Vice President Mike Pence abruptly canceled a trip earlier this month to a New Hampshire drug treatment facility to avoid meeting an employee there who was under federal investigation for dealing fentanyl, according to a Politico report Monday.
That employee, former NFL offensive lineman Jeff Hatch, who had previously been candid about his own struggles with opioid addiction and substance abuse, pleaded guilty Friday to a lesser charge, court documents show.
Politico reported that "among the problems" preventing Pence from making the July 2 trip to the headquarters of Granite Recovery Centers "was a federal law enforcement probe involving individuals Pence would likely encounter, according to a law enforcement official briefed on the incident."
Pence, who had planned to visit the treatment center to discuss the opioid crisis, never left Washington, D.C., on Air Force Two as planned.
The White House offered virtually no explanation for weeks after the trip was canceled. "You'll know in about two weeks," Trump said at the time. "There was a very interesting problem that they had in New Hampshire."
The vice president's spokeswoman, Alyssa Farah, said at the time that there was "no cause for alarm," but offered no more detail other than to say that "something came up" and kept Pence in Washington.
Even on Monday, Pence was nondescript. "It was a circumstance on the ground in New Hampshire that made our — our trip there no longer appropriate," Pence reportedly told CBS.
Farah did not respond to CNBC's inquiries Monday about why Pence's trip was canceled.
"I am shocked, disappointed, and heartbroken," said Granite Recovery Centers CEO, Eric Spofford, in a statement to CNBC. "Neither me nor anyone at Granite Recovery Centers was aware of Jeff's actions. It was unfortunately a well kept secret."
"I don't condone what he did and I'm incredibly upset. He was terminated immediately," the statement said. "Granite Recovery Centers has over 200 of the most dedicated passionate people that go above and beyond to fight in the mission against addiction every single day. The actions of 1 do not discredit the amazing work they all do."

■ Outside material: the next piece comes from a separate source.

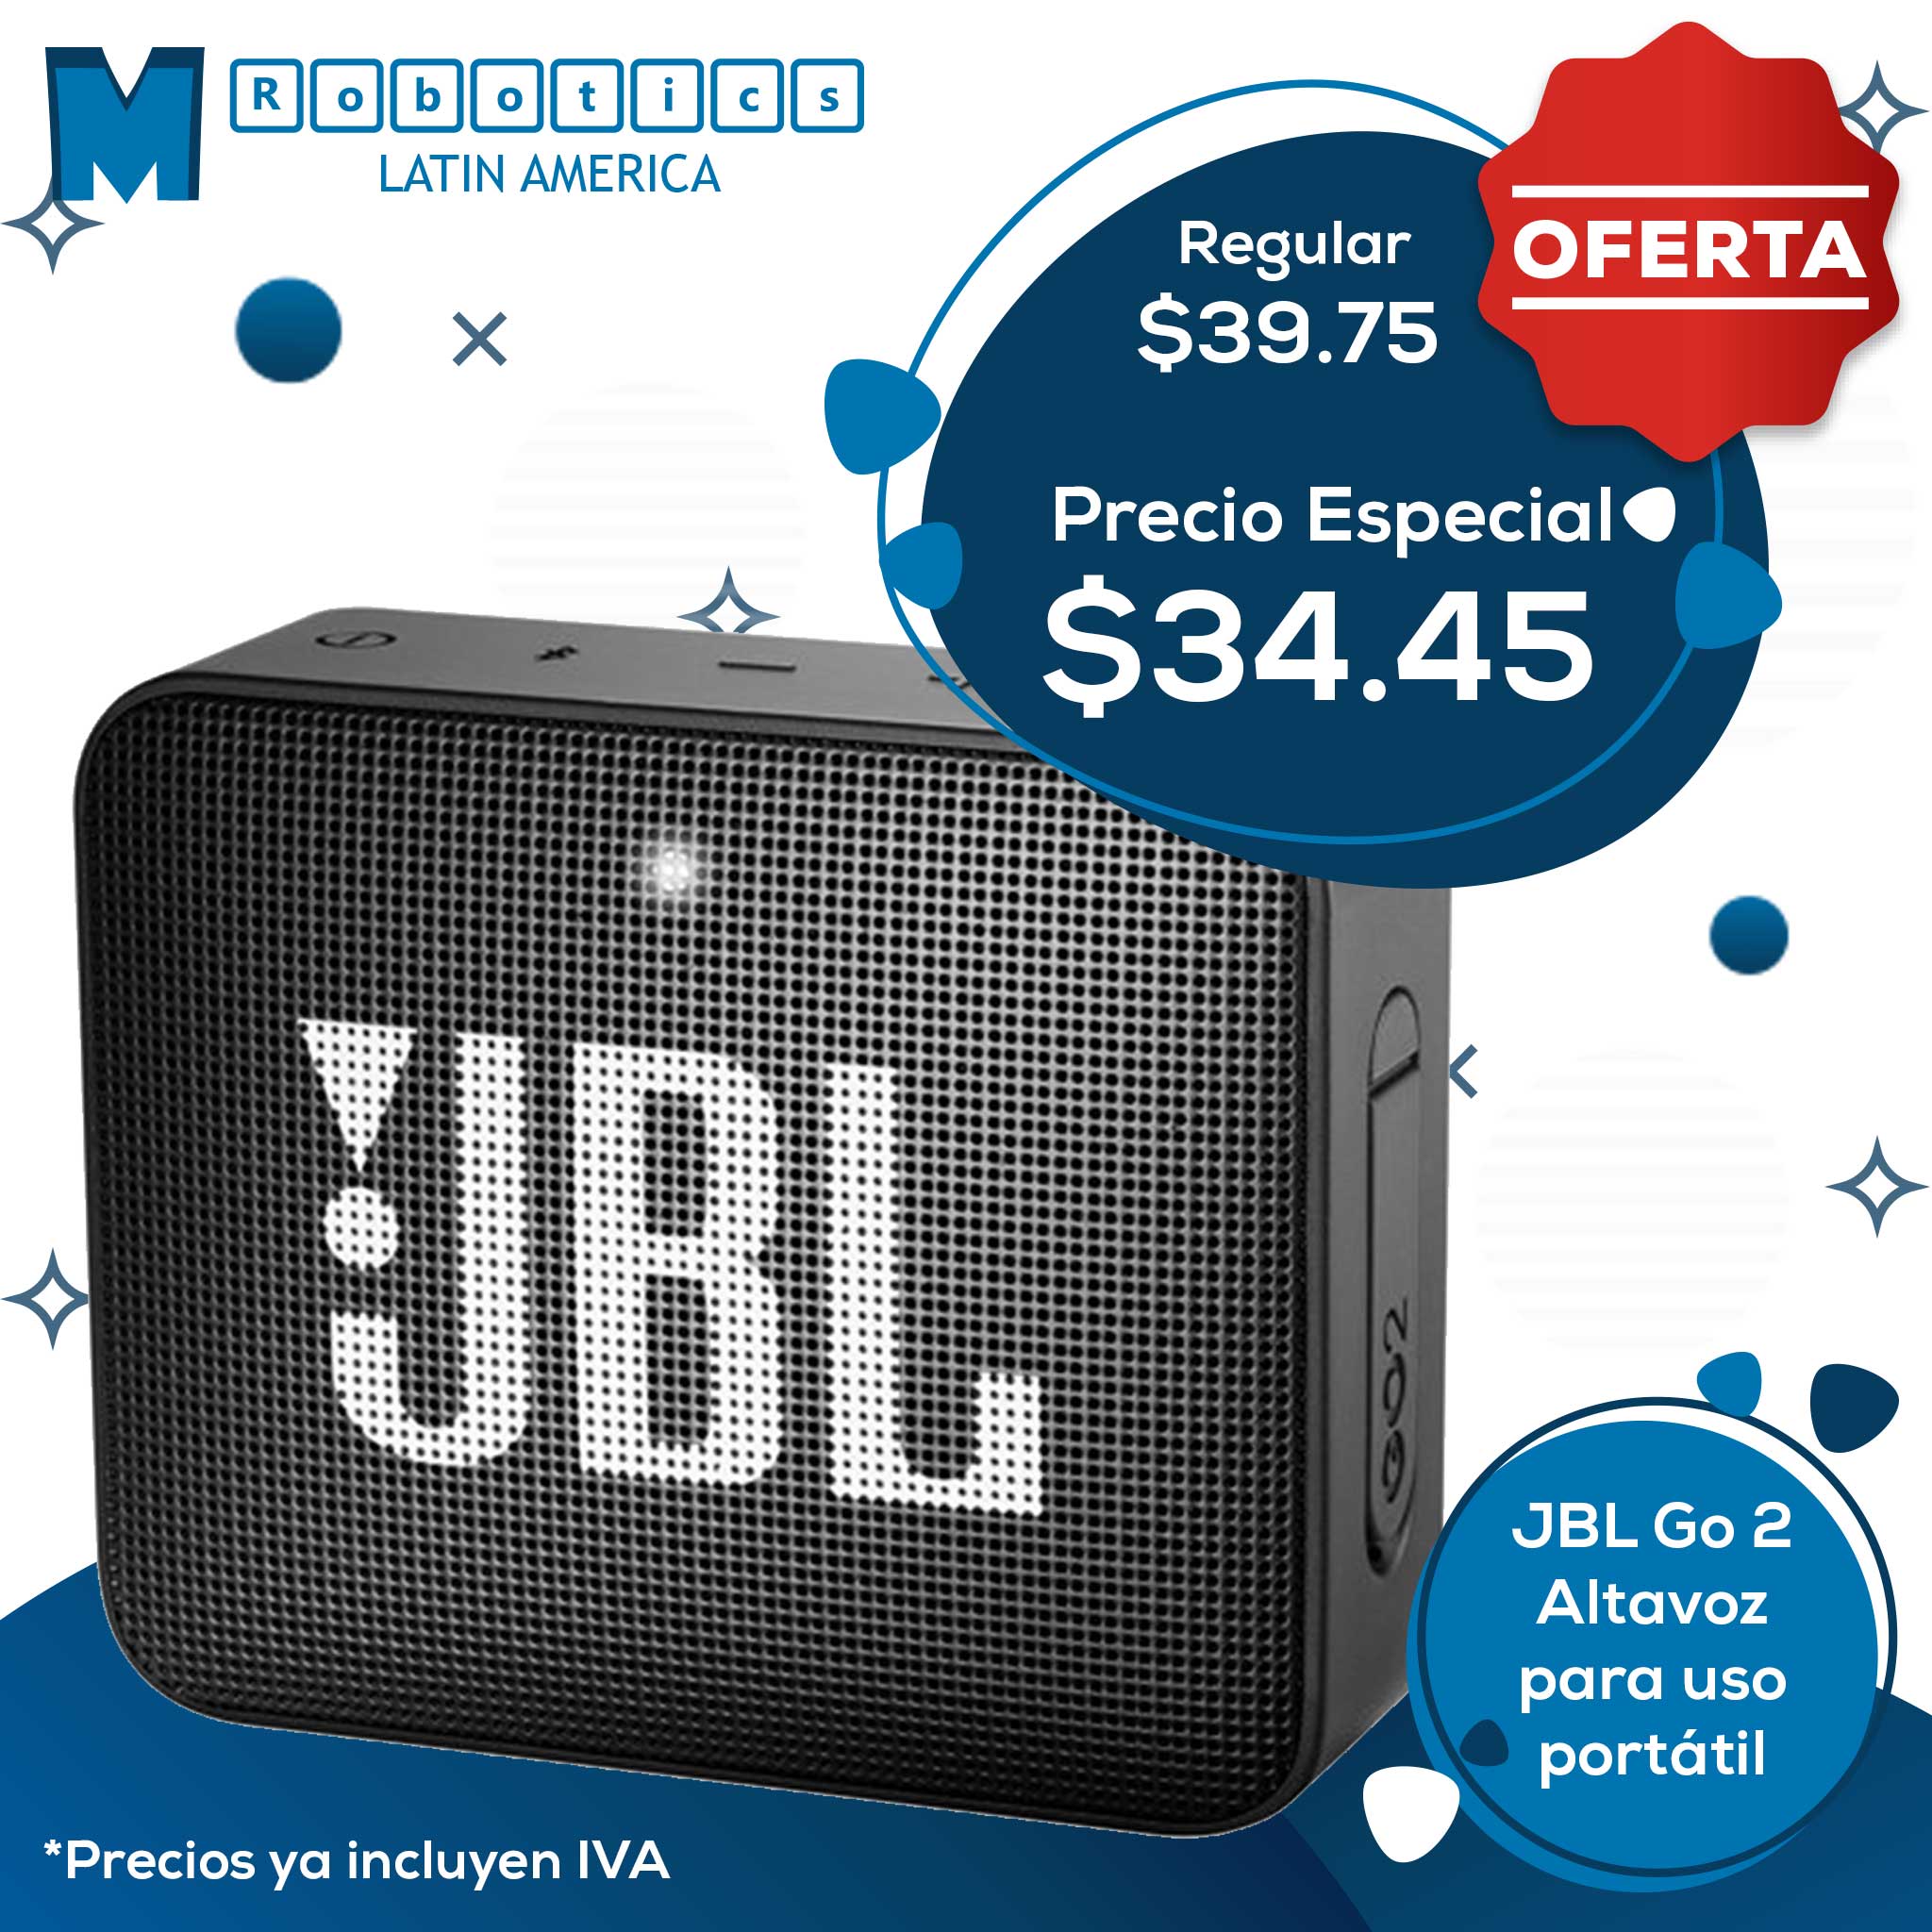 JBL Go 2 – Altavoz – para uso portátil

Hatch, 39, spent three seasons in the NFL between 2002 and 2005. The six-foot-six, 302-pound offensive tackle started in four games for the New York Giants, and was also on the roster for the Tampa Bay Buccaneers. He was the chief business development officer at Granite Recovery Centers before his firing.
His lawyer declined to comment.
Hatch acted as a drug courier for sources between New Hampshire and Massachusetts, according to his plea agreement. In July 2017, Hatch arranged via cell phone a pick-up of "approximately 1,500 grams of fentanyl" from a Massachusetts source, the documents show.
Hatch pleaded guilty to one count of using a phone to facilitate a fentanyl deal. He faces a maximum of four years in prison and a maximum fine of $250,000, according to his plea agreement.
Trafficking fentanyl, a Schedule II drug, in quantities over 400 grams holds a mandatory minimum sentence of 10 years in prison under federal law.
In 2017, Hatch discussed his past struggles with substance abuse as part of a panel with Sen. Jeanne Shaheen, D-N.H.
"I remember getting that bottle of pills and on that bottle it said you take one to two [every] four to six hours as needed for pain. And I remembered my experience with other drugs and realized that amount would cure my physical pain, a few more would kill the emotional pain," Hatch reportedly said at that event.
In a statement to CNBC, Shaheen said "Granite Staters seeking recovery from substance use disorders put their trust in Mr. Hatch and it's incredibly disappointing to see how badly that trust was betrayed. He needs to be held accountable."